● **Problem statement**
Skip the pictures and repeat each line of the data exactly.

● **Recorded data**

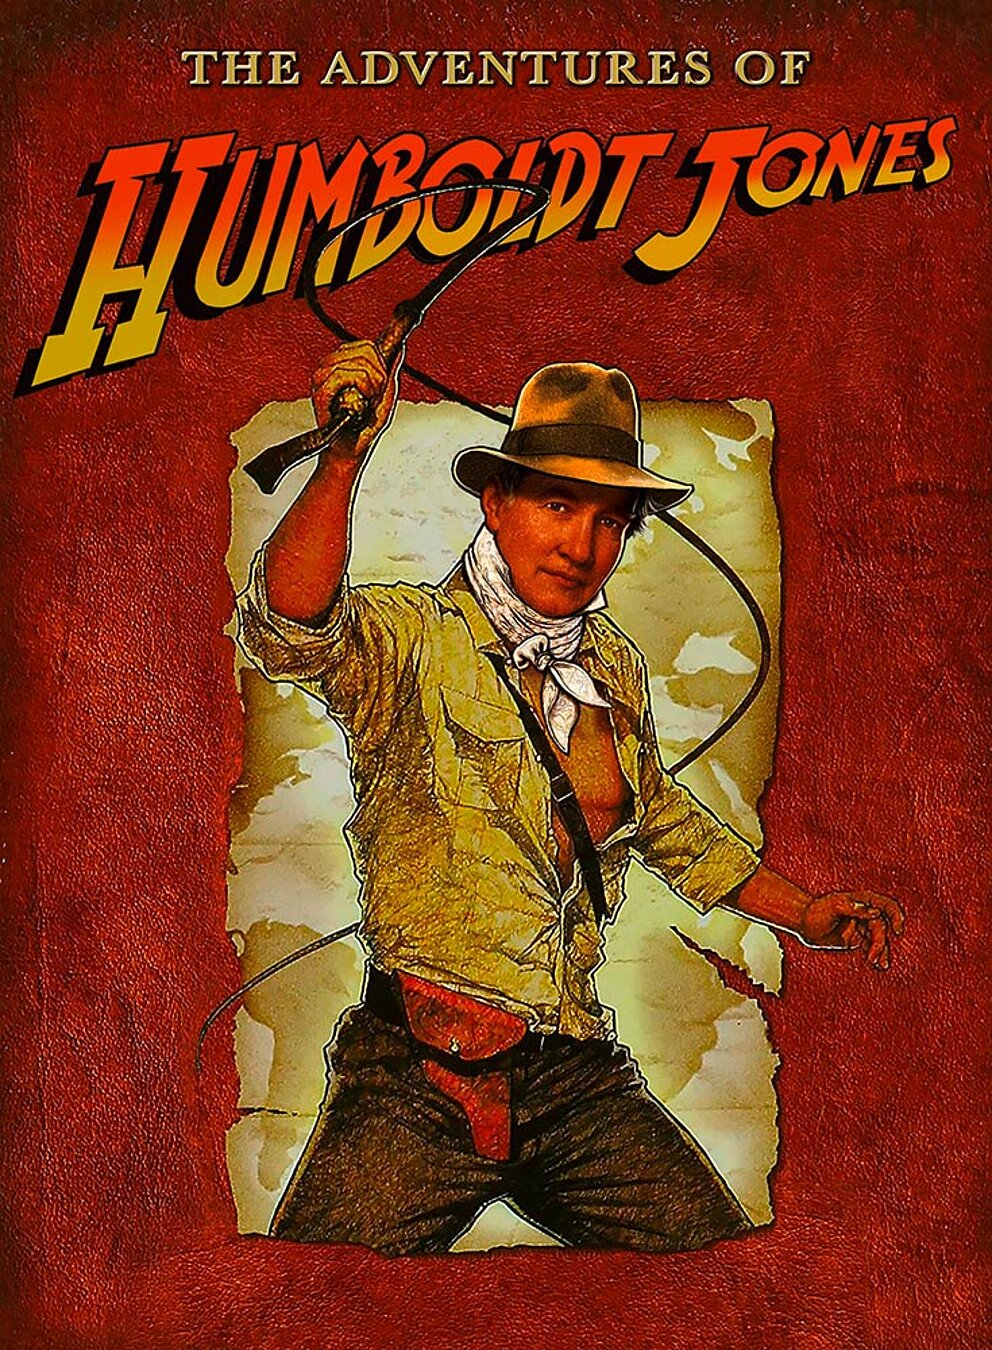 The adventures of Humboldt Jones: Humboldt swings the whip as Indiana Jones
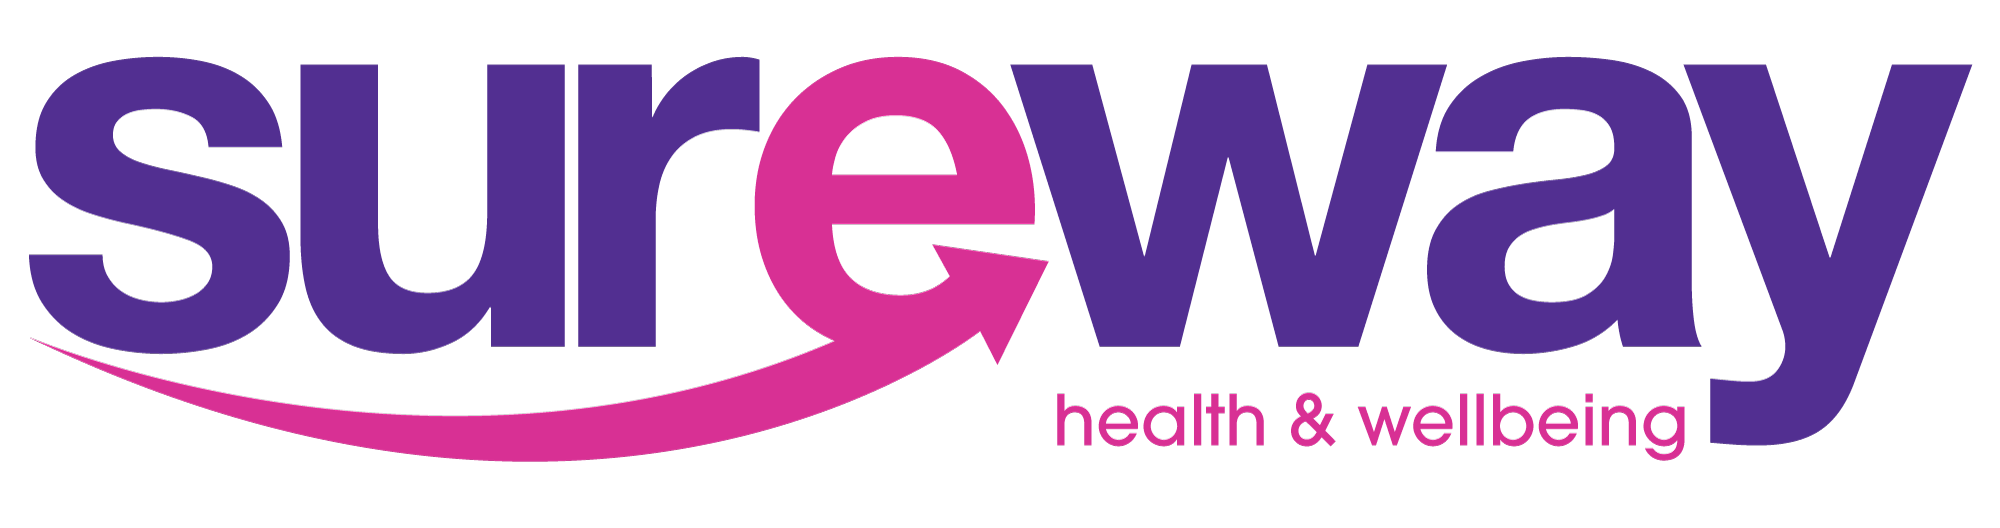 Sureway-Health-&-Wellbeing-logo
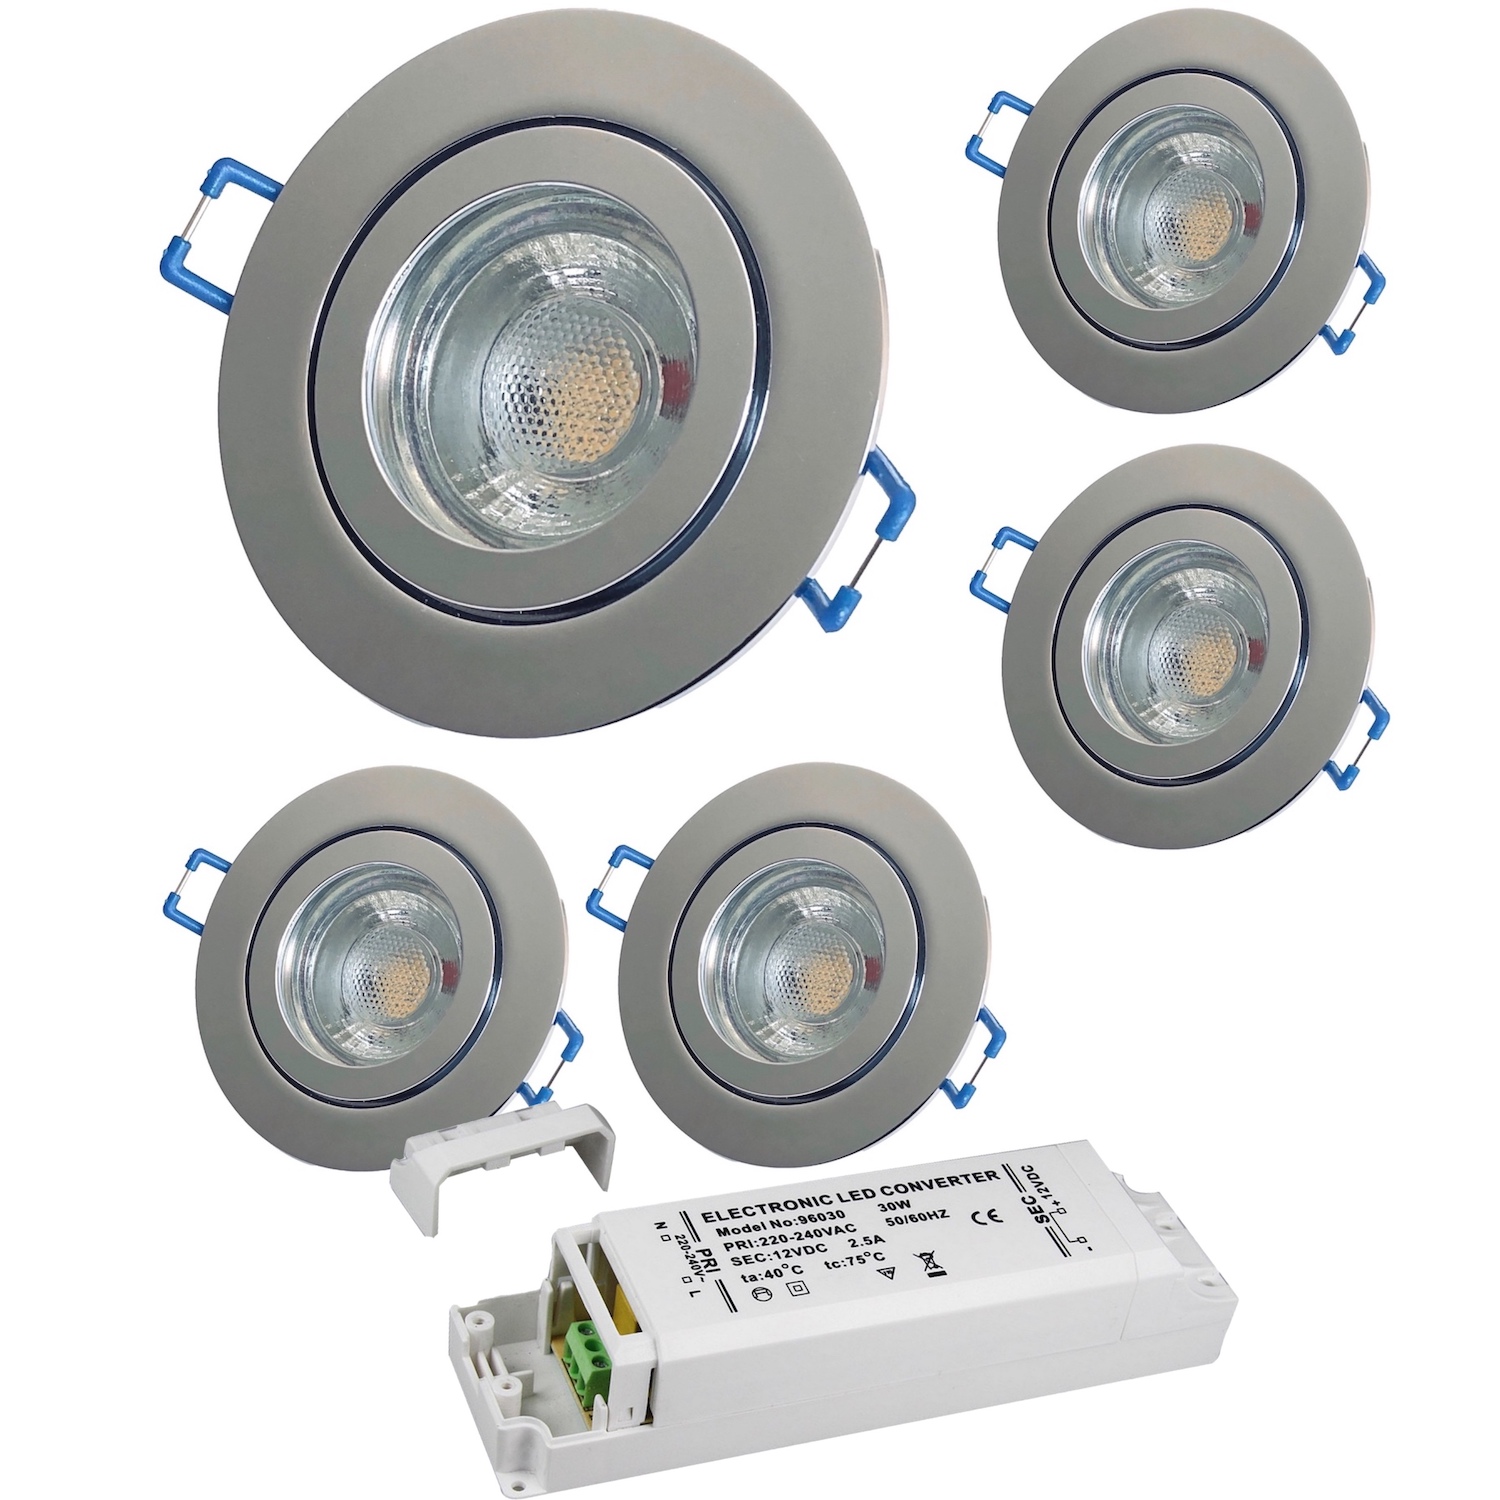 5 x 12V LED Bad Einbaustrahler / IP44 / 5W mit LED Trafo - Lichtfaktor24

● **Answer to this problem**
 The adventures of Humboldt Jones: Humboldt swings the whip as Indiana Jones
 Sureway-Health-&-Wellbeing-logo
 5 x 12V LED Bad Einbaustrahler / IP44 / 5W mit LED Trafo - Lichtfaktor24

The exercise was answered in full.